Since its creation in 1964, the Agricultural Show has been an unmissable event for the presidents of the Fifth Republic, which none, with the exception of François Mitterrand, has missed.

Arrived at 7:45 a.m. on Saturday February 25 to inaugurate the 2023 edition, Emmanuel Macron – president already a record holder for the time spent in the stuffed aisles of the Porte de Versailles exhibition center – again planned a long wandering of more than a dozen hours intended to take the pulse of rural France.

Start of a day at the Salon de l'Agriculture, with our fishermen!

pic.twitter.com/Q6zIns80MY

— Emmanuel Macron (@EmmanuelMacron) February 25, 2023

For politicians, and even more so for the incumbent Head of State, visiting the Agricultural Show is something of a ritual.

This meeting, now bringing together some 600,000 visitors each year, "says something about the way the country perceives itself", analyzes Saturday morning Benjamin Morel, political scientist invited from France Info.

"By going there, the head of state recognizes the importance of traditions and tries to subscribe to them."

But while the modes of communication are constantly evolving, in the age of live and social networks, these wandering sequences – increasingly long – must be worked on more than ever.

Because if it is a place of reunion, the Agricultural Show is also a "minefield", adds Benjamin Morel.

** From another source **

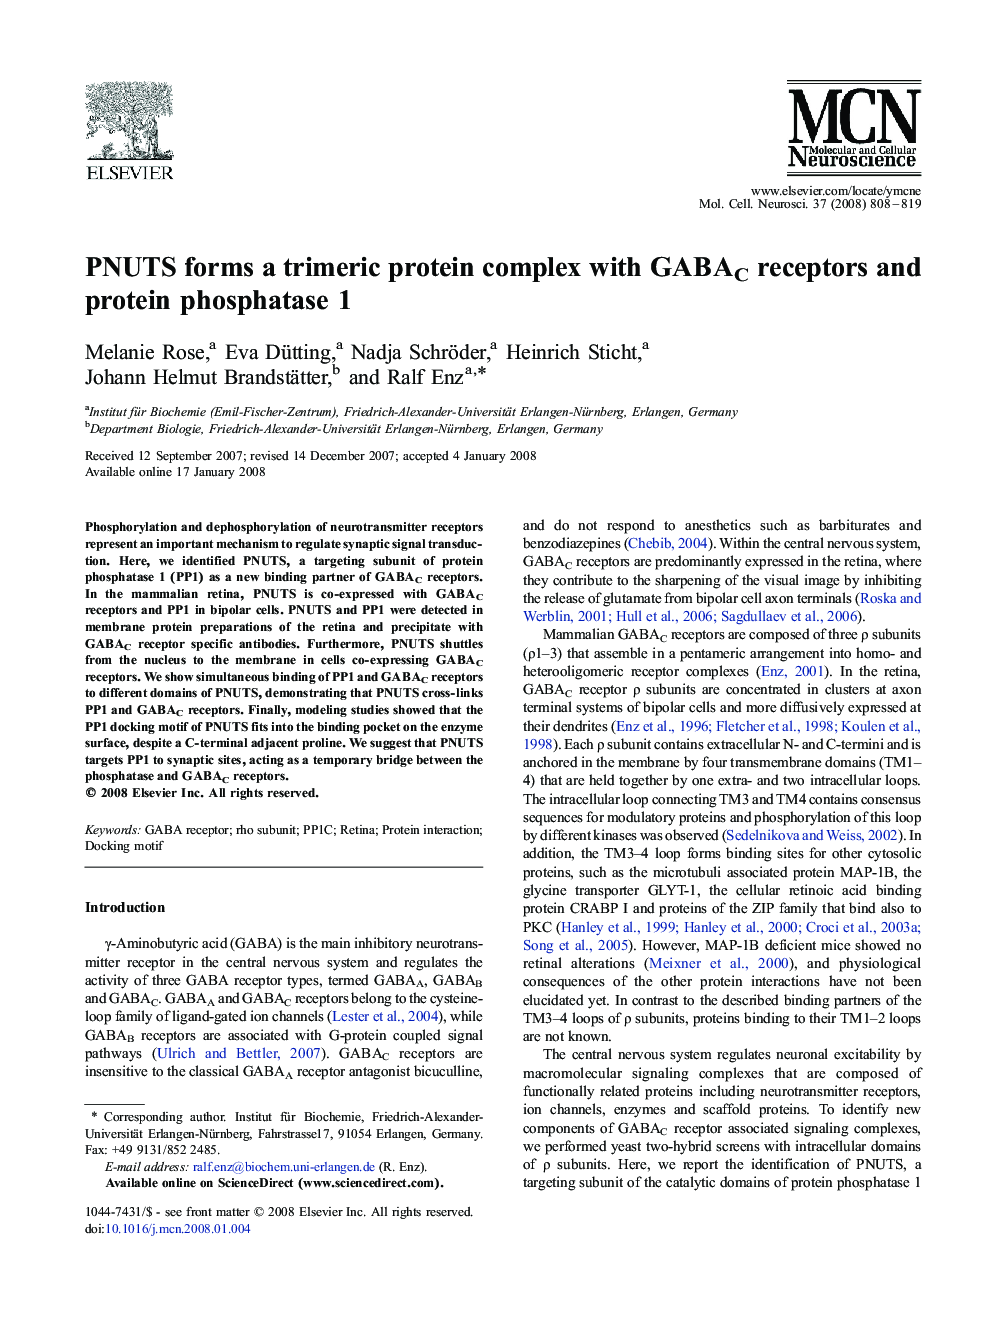 PNUTS forms a trimeric protein complex with GABAC receptors and protein phosphatase 1

  • For Emmanuel Macron, XXL visits and disputes

In February 2018, Emmanuel Macron had broken the record of his predecessor (François Hollande, ten hours of visit in 2013) by staying more than twelve hours in "the largest farm in France".

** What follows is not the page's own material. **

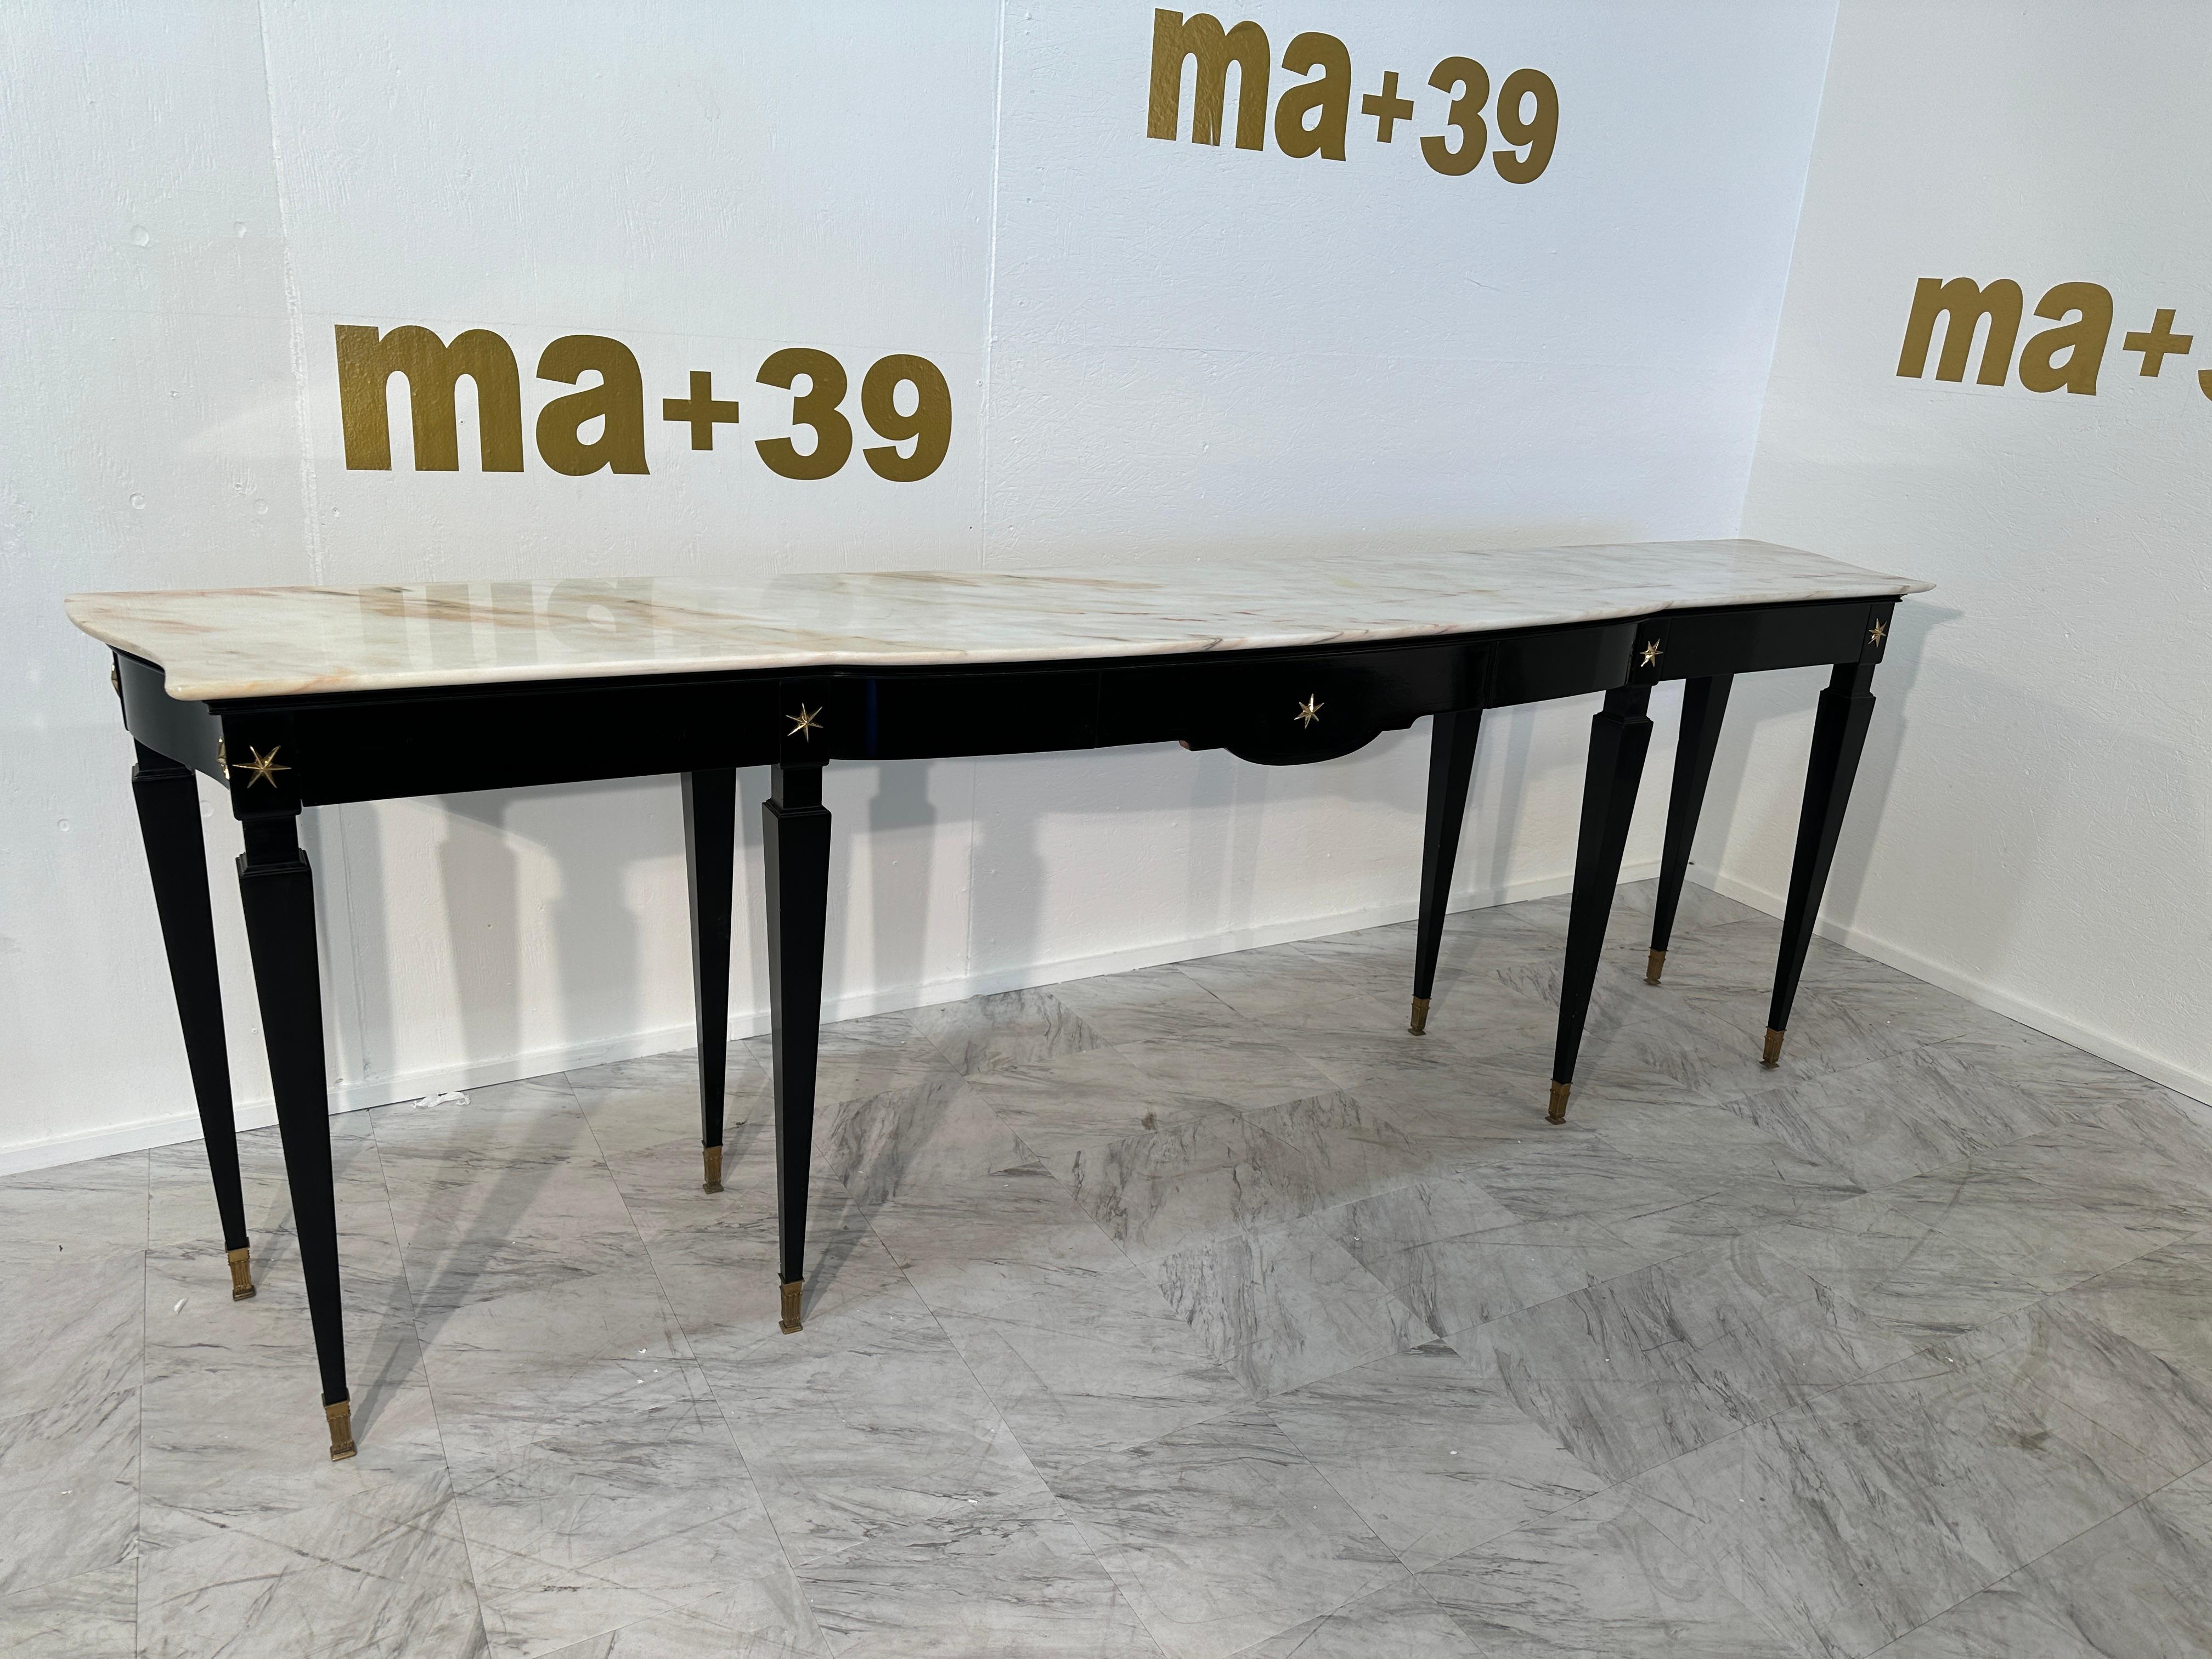 The Mid Century Italian Rosewood and Marble Console by Paolo Buffa, crafted in the 1950s, is an exquisite piece of furniture that exudes timeless elegance. Designed by the renowned Italian architect Paolo Buffa, this console features a lustrous

An exercise he is repeating this year, after a 2022 edition parasitized by the very beginning of the war in Ukraine, which had forced him to make an express visit.

Accustomed to crowd baths, Emmanuel Macron lends himself to the game again and says he accepts "to [to] be yelled at, to [to] be pushed around".

In 2020, he was strongly challenged by a woman from the Yellow Vests movement on the issue of pensions, the citizens' initiative referendum (Ric) and police violence.

"Everyone must find their reason," he replied, deploring "people who have become extraordinarily aggressive".

President Emmanuel Macron at the opening of the Agricultural Show on February 25, 2023 in Paris.

Ludovic Marin, AFP

On Saturday, it was with an activist from the Last Renovation collective that he broke up.

The young man, who wore a T-shirt crossed out with the words "What are you for?", challenged the head of state, asking him to "listen to scientific reports" on climate change.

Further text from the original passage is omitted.